Exercise requirements: Look through the data below for the line with "Edens Zero Ch. 72 Element 4", and transcribe it exactly together with each line after it up to and including the line with "LOUIS VUITTON 1.1". Give nothing else.
-- Exercise materials follows --
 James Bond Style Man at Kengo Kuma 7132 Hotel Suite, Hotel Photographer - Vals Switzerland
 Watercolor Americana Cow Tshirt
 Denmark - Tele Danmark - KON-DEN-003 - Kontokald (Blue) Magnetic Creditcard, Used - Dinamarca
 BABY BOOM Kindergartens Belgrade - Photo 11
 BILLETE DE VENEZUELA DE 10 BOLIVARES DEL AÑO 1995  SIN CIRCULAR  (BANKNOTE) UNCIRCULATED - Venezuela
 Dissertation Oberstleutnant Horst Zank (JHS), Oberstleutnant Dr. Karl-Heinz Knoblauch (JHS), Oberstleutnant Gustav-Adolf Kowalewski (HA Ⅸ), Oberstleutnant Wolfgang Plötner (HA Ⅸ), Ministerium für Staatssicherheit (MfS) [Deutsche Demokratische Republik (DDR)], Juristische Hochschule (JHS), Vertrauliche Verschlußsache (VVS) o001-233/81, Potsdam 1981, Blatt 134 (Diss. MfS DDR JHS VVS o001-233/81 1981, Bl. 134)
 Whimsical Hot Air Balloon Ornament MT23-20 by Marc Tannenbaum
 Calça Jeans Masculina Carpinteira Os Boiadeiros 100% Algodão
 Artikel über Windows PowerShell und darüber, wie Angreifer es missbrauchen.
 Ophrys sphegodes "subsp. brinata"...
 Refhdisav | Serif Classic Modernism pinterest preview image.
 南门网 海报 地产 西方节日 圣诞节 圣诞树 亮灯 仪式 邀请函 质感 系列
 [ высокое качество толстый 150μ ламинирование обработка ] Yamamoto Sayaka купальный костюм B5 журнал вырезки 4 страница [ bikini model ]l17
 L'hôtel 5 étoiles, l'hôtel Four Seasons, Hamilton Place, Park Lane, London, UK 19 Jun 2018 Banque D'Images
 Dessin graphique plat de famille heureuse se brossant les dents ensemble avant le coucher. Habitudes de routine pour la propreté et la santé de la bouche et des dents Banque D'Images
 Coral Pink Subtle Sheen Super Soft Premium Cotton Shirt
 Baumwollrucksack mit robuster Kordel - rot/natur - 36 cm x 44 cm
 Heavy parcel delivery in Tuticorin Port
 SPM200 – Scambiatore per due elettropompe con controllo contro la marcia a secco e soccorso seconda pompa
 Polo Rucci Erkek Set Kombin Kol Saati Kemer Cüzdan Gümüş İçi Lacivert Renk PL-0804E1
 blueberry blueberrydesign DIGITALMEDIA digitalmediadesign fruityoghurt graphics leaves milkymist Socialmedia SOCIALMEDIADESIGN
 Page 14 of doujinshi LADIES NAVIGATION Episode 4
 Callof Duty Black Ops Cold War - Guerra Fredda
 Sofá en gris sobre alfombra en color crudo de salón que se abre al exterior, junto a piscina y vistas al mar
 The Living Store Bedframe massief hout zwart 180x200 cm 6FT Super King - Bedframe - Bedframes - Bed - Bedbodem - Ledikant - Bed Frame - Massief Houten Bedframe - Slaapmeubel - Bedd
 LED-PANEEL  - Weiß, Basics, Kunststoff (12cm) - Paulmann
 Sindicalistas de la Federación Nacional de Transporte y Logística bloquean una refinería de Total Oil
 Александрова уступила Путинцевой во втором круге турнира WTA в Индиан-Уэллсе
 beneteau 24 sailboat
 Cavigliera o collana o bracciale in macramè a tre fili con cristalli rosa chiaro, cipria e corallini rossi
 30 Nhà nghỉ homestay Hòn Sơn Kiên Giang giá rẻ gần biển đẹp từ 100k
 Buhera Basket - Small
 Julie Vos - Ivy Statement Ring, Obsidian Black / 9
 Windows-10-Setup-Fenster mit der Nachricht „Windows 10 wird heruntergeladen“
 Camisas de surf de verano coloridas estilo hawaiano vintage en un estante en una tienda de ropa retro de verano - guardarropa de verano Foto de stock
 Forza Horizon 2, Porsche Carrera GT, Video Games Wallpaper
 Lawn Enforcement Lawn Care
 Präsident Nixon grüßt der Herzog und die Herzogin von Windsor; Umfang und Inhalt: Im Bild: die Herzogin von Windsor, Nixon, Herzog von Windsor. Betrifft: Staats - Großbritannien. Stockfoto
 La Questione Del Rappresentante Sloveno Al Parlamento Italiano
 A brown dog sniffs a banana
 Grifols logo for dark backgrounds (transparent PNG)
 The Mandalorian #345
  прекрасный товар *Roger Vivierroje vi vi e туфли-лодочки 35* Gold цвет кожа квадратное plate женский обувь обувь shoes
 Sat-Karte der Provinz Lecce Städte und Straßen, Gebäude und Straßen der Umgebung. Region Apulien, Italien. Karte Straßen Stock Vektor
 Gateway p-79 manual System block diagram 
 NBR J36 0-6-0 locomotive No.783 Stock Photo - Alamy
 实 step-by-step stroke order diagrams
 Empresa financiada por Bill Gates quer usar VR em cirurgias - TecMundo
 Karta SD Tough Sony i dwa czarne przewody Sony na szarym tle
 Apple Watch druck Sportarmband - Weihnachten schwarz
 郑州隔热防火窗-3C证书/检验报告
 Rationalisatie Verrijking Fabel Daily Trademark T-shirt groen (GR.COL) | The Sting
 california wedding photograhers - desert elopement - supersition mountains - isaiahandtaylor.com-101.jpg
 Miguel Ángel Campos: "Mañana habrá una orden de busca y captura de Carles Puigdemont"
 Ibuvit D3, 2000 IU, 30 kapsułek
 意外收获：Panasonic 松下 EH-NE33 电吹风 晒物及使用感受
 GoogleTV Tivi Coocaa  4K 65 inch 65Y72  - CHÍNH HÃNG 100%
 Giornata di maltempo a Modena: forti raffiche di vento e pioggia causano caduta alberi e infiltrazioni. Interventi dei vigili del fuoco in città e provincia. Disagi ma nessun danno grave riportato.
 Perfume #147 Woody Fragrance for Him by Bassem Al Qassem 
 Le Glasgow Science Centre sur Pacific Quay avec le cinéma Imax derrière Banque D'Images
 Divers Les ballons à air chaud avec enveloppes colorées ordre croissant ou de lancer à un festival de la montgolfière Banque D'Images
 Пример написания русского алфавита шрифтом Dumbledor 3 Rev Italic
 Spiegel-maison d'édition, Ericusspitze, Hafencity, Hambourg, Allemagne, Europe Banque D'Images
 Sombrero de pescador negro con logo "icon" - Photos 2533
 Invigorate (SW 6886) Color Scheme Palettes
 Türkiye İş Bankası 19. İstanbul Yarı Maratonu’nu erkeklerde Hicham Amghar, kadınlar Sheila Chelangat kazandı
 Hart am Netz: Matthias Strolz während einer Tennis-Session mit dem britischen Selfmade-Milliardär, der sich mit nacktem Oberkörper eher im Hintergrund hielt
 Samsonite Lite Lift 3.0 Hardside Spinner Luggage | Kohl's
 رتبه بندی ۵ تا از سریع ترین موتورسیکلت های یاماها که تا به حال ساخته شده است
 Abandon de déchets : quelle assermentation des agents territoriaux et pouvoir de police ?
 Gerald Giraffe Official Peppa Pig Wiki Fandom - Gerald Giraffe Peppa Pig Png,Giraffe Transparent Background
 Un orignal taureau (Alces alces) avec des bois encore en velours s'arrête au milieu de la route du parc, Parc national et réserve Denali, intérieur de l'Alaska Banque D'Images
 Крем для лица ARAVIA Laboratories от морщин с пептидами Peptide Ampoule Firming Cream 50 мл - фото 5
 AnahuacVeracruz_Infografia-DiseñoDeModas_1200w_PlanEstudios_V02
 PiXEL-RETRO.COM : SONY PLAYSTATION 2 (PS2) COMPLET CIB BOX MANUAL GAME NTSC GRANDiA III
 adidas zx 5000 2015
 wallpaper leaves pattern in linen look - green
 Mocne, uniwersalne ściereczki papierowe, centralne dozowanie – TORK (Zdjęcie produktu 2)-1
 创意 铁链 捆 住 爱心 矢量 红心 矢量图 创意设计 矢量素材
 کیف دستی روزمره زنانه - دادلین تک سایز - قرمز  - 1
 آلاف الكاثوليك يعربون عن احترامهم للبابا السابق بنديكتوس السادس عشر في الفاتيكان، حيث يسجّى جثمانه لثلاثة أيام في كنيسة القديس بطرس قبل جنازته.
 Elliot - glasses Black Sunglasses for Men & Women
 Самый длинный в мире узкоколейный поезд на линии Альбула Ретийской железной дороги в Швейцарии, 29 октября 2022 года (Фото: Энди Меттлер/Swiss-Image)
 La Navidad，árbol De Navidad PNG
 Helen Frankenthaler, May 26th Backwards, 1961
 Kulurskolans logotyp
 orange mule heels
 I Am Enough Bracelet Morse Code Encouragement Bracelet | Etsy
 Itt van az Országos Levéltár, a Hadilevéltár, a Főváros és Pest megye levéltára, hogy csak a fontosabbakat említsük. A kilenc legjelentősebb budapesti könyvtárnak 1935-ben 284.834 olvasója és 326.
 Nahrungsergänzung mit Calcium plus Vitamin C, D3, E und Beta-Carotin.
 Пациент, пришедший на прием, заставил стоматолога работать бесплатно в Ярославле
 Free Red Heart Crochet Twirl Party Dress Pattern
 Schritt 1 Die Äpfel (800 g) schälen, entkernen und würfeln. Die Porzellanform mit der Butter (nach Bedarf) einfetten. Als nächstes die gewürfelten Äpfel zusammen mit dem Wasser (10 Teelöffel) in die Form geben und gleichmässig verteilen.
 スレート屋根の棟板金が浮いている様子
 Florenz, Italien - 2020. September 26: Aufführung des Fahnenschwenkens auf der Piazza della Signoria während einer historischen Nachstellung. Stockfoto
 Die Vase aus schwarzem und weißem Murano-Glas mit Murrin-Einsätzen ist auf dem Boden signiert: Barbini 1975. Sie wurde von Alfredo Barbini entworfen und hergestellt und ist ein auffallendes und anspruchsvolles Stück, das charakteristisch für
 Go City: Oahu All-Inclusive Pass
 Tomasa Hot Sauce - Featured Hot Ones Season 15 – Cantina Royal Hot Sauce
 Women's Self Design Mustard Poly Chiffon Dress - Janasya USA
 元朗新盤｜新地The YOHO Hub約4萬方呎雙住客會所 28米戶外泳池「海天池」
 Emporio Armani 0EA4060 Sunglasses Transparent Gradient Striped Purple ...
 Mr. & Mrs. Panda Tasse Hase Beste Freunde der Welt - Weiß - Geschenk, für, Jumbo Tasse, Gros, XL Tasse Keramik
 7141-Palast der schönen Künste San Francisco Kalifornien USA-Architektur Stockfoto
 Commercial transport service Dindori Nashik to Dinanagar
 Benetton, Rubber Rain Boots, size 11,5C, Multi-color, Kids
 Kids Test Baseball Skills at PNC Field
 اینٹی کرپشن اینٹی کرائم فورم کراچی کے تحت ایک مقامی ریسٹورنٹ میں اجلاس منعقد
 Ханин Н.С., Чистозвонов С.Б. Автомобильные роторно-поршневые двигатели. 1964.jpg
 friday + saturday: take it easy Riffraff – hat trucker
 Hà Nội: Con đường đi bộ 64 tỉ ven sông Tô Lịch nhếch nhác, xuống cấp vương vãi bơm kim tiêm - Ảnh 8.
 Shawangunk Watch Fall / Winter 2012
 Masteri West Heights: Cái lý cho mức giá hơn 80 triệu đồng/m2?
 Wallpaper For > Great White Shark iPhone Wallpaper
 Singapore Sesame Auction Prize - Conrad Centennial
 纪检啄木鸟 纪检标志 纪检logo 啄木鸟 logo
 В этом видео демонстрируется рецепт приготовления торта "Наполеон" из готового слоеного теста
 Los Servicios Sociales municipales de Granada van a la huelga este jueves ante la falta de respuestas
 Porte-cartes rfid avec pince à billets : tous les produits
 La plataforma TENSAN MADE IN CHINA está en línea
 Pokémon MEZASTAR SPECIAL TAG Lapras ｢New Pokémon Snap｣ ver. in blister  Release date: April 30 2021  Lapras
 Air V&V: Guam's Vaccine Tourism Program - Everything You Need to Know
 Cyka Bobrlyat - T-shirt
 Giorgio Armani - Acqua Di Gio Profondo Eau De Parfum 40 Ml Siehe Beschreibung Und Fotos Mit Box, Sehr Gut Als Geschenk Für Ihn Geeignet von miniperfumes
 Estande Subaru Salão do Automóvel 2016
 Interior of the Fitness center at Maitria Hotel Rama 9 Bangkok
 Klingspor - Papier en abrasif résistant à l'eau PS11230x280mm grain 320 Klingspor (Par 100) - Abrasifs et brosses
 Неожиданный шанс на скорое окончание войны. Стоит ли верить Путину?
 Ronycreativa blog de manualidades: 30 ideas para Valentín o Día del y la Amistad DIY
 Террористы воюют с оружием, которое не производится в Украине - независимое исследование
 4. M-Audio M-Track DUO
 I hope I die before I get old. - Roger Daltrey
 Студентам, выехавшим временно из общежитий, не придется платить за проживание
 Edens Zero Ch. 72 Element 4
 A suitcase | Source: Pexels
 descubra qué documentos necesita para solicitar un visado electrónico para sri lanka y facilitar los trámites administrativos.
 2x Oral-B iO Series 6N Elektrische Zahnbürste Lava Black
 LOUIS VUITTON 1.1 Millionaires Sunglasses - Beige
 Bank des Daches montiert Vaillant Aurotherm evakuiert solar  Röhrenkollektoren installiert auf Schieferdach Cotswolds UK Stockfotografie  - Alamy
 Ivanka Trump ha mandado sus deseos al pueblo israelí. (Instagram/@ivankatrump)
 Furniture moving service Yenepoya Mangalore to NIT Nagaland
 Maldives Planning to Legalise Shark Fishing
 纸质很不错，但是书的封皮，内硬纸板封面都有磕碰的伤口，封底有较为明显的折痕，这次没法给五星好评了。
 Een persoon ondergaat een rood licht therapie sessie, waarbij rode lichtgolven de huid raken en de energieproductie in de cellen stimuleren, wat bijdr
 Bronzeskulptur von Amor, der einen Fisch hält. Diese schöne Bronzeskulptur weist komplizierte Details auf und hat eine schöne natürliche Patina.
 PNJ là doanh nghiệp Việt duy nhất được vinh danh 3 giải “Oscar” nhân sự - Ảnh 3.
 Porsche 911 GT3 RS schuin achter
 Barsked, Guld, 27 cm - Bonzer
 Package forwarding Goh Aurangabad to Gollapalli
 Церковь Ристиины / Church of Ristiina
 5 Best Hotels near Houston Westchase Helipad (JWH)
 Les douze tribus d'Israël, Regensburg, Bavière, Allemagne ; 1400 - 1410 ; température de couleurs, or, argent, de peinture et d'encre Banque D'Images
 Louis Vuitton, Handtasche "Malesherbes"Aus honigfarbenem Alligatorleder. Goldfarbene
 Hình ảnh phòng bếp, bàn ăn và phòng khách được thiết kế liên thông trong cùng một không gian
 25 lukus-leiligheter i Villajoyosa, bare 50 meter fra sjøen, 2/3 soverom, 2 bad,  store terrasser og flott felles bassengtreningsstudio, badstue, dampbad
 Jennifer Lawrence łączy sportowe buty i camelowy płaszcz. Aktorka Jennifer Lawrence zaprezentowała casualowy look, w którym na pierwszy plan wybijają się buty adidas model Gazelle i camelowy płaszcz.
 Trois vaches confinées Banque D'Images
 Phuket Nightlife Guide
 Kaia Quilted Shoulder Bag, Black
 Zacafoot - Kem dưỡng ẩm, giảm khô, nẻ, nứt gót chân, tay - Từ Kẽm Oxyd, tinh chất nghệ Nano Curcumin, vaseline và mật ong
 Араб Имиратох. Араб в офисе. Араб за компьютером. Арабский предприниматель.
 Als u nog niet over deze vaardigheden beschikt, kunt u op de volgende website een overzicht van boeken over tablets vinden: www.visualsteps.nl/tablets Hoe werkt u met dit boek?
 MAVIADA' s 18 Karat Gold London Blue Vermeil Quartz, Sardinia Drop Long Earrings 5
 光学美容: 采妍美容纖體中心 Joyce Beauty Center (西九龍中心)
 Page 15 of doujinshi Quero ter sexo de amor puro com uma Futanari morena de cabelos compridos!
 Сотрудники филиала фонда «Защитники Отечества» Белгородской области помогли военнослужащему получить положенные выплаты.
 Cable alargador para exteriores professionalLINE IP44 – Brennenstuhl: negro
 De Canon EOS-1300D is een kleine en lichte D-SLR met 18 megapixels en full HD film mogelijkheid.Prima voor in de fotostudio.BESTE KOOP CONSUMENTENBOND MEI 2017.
-- Exercise materials concluded --
Solved exercise:
 Edens Zero Ch. 72 Element 4
 A suitcase | Source: Pexels
 descubra qué documentos necesita para solicitar un visado electrónico para sri lanka y facilitar los trámites administrativos.
 2x Oral-B iO Series 6N Elektrische Zahnbürste Lava Black
 LOUIS VUITTON 1.1 Millionaires Sunglasses - Beige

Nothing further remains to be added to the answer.